She had tried, and repeatedly failed, to remember the poem that had summoned the Gates in the first place.
She had racked her brain nearly every step of their journey on this God-forsaken road.
Aoife trudged behind Shadach. The dusty road was long.
Endless, if Aoife had been inclined to put an adjective to it.
Her feet hurt, the soles of her slim boots too thin to be worth their leather.
If that’s what they were made of. Did this world have cows?
“Are you sure this temple will be safe?” Aoife said. The wide open plains of dust and dirt on either side of them made Aoife feel anything but safe. She preferred having the safety of tree cover.
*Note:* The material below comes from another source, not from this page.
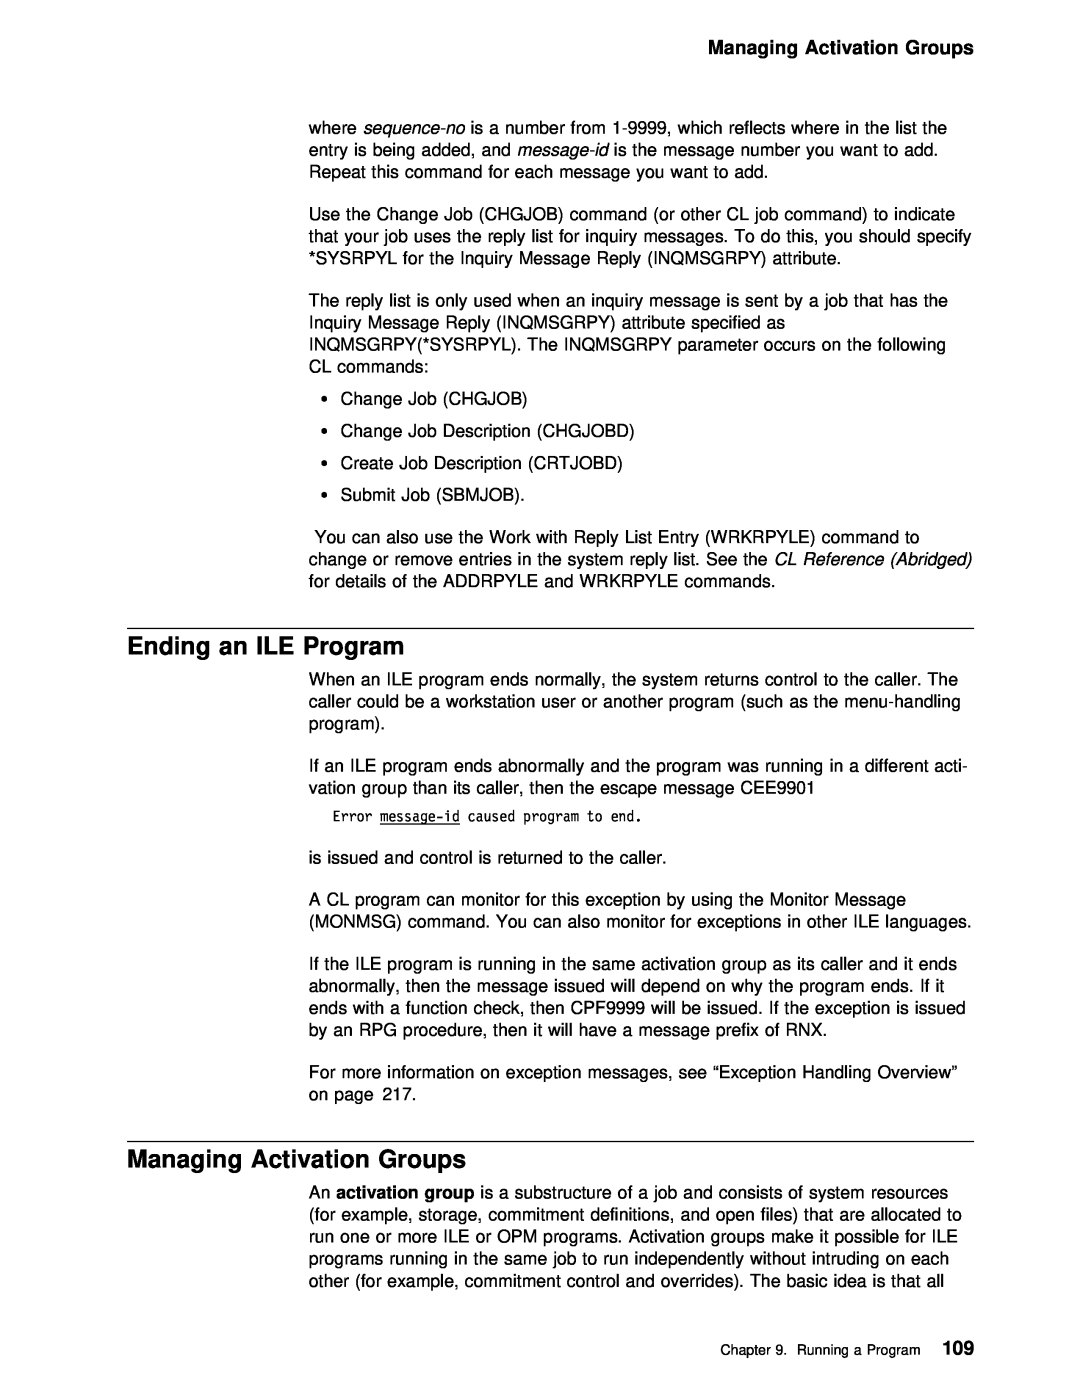 IBM AS/400 manual Ending an ILE Program, Groups, Managing Activation

“Honestly, I’m not sure about anything. But it’s our best option.” Shadach looked every bit the rugged, would-be emperor he was as he walked through the surrounding veils of darkness. His clothes were now dry, his stride strong and sure, despite his uncertain words.
When they’d first left the cave, they’d gone south, but had quickly come upon soldiers. A lot of soldiers. They’d turned back and gone westward. After a bit of aimless wandering, Shadach had had the idea to go to a particular temple. One that was a two days journey by foot.
“Won’t this temple report back to the High Priestess?” A speck of dirt landed in Aoife’s eye. Tears dripped down her cheek as she tried to fish it out.
“The First Temple of Lust is somewhat autonomous. All its priestesses, including its head priestess, are Xana. They don’t particularly like the Halcin, but I’m hoping they dislike the High Priestess and her corruption more.”
Xana. Halcin. Head Priestess. High Priestess.
The First Temple of Lust. The floating darkness.
It would have been nice if the Gates had given her a beginners guide to the Kingdom of Shadows.
There were too many things about this world Aoife didn’t know, didn’t understand.
But she was unlikely to ever get answers, considering she was going home. Somehow.
Somehow, she needed to get home.
“Have you been to the Forgotten Lands?” Shadach said. The words were as decadent as Swiss chocolate on his lips, and Aoife’s mind went to last night. To the panting, to the passion. What else could he do with those luscious lips of his?
“Never,” Aoife said.
Why was it so hot all of a sudden? Aoife tried to fight the desire pulsating through her as Shadach’s fierce, seductive eyes took her in.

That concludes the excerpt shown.